Up to and including the line that contains "HDMI коммутаторы, разветвители, повторители", repeat each line of the data exactly, starting from the first.

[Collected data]
----------------
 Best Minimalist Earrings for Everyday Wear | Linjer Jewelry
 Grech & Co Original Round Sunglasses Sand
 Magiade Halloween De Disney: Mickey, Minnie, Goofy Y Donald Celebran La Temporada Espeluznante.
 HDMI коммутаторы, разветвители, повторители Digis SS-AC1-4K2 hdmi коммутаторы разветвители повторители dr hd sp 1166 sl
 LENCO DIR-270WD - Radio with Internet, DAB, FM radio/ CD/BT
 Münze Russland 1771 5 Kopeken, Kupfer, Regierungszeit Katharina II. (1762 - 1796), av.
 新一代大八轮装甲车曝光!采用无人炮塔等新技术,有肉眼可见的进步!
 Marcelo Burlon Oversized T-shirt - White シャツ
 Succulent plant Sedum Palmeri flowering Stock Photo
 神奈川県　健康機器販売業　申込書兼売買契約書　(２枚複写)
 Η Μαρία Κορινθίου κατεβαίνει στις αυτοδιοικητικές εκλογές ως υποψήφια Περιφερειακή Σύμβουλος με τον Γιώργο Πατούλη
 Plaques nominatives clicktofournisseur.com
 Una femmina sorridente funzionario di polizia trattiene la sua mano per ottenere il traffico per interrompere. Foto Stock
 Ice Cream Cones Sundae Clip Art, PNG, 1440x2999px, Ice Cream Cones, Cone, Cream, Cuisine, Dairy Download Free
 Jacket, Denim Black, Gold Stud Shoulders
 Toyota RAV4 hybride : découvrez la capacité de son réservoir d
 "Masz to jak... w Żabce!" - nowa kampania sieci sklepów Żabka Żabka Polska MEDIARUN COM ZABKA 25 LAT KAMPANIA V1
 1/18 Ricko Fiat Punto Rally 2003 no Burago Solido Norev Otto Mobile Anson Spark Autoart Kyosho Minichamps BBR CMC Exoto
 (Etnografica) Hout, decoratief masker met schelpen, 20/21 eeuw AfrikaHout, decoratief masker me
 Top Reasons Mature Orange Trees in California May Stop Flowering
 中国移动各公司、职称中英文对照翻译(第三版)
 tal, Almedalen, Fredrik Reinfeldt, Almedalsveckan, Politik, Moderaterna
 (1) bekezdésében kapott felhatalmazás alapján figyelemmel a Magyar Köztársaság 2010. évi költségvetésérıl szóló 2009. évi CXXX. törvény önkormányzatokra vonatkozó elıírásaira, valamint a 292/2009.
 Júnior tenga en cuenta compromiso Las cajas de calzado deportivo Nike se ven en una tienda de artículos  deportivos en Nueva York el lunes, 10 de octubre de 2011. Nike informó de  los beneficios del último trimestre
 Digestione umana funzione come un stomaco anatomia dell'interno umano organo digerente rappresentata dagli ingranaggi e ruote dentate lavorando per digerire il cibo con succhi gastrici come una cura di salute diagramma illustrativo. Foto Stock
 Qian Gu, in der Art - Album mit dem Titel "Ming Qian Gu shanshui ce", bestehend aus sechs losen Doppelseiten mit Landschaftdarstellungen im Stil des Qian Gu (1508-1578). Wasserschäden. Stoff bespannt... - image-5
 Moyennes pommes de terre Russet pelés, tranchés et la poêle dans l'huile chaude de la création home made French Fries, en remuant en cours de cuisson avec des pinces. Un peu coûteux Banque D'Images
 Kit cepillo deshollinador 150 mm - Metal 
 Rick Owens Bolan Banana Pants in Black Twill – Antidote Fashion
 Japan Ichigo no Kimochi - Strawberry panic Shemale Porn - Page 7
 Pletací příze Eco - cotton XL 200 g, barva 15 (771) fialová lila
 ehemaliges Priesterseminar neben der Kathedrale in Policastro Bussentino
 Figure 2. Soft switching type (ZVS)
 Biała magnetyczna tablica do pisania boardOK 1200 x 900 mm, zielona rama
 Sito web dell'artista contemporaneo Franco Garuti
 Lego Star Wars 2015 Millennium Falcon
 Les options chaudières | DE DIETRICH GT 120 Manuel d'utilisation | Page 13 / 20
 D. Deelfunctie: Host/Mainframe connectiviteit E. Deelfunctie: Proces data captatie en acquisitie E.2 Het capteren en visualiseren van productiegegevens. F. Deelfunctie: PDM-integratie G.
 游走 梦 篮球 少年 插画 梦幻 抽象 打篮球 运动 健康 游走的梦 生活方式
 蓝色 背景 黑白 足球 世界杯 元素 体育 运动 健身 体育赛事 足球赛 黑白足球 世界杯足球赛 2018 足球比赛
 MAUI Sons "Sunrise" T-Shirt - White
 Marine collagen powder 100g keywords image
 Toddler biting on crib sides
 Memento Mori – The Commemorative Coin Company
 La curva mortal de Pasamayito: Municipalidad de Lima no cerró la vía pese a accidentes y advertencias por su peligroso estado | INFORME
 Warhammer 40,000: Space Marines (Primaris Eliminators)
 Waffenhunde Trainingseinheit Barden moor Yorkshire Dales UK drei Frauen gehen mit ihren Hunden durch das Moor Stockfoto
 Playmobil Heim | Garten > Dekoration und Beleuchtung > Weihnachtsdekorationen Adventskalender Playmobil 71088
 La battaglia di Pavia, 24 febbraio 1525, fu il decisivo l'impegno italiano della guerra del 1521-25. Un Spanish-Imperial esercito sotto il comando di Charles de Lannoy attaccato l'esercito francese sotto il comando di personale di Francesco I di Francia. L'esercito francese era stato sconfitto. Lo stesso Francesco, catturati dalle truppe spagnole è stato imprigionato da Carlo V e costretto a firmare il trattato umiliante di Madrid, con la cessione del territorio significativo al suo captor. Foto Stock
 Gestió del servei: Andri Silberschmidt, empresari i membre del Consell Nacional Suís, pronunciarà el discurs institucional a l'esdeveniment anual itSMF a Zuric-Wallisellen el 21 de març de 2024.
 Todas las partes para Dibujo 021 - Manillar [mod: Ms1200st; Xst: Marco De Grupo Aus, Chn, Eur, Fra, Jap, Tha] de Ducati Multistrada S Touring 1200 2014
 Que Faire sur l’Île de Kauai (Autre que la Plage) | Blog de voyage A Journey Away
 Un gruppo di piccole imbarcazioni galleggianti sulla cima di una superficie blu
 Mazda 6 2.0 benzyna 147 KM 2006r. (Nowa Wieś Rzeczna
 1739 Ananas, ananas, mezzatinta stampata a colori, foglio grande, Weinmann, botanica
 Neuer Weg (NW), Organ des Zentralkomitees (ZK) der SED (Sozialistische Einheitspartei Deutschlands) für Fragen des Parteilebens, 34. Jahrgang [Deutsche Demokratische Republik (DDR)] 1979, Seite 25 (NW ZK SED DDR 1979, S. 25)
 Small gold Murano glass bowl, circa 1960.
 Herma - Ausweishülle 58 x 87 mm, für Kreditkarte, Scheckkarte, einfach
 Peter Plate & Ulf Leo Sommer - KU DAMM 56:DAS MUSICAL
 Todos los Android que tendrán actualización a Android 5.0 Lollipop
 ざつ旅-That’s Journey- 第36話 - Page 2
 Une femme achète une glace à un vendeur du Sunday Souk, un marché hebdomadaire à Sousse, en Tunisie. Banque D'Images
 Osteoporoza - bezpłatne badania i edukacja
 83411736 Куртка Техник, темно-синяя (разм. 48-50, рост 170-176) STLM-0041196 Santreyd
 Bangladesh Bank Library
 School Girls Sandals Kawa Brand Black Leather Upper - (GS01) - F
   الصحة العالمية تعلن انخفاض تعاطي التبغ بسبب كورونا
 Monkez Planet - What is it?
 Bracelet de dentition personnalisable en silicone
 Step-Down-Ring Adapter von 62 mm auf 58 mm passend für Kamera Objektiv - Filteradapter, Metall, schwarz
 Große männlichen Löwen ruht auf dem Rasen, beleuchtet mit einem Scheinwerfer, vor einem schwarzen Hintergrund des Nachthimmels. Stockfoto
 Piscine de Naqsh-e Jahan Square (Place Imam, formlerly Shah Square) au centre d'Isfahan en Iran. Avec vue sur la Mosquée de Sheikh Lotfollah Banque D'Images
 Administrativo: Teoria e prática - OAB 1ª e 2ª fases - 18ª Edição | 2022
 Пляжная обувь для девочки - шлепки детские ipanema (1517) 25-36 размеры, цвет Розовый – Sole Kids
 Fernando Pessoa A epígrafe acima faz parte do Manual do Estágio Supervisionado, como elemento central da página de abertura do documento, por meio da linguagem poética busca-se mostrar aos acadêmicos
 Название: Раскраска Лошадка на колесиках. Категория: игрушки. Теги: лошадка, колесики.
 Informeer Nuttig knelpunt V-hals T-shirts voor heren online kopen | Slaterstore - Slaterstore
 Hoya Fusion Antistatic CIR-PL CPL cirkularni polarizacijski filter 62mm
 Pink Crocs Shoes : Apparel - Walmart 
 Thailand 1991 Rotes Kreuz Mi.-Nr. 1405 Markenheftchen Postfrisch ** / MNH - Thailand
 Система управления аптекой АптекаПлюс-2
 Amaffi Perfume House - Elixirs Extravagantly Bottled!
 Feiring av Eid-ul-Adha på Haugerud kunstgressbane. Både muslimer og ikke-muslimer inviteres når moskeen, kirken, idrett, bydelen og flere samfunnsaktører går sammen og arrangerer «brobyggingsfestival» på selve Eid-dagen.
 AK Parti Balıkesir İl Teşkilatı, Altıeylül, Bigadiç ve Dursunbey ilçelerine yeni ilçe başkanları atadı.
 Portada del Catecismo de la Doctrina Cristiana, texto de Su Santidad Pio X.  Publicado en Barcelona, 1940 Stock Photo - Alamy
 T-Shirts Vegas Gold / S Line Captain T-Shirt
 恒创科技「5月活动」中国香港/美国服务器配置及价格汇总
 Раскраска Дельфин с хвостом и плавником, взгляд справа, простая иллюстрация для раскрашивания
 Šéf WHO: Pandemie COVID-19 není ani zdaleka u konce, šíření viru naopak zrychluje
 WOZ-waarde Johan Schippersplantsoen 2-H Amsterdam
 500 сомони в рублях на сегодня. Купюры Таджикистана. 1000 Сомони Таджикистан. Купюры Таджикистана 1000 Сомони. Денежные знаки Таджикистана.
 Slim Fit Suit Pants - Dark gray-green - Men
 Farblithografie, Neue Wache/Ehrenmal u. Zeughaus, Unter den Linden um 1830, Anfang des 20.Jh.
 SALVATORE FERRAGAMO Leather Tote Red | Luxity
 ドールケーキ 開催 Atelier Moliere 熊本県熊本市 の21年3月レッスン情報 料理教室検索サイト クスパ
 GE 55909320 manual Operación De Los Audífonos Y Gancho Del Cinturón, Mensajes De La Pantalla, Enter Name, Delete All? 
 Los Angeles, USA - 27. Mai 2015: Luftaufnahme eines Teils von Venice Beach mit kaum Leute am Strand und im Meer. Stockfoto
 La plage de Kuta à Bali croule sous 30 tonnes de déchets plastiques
----------------
Exercise solution:
 Best Minimalist Earrings for Everyday Wear | Linjer Jewelry
 Grech & Co Original Round Sunglasses Sand
 Magiade Halloween De Disney: Mickey, Minnie, Goofy Y Donald Celebran La Temporada Espeluznante.
 HDMI коммутаторы, разветвители, повторители Digis SS-AC1-4K2 hdmi коммутаторы разветвители повторители dr hd sp 1166 sl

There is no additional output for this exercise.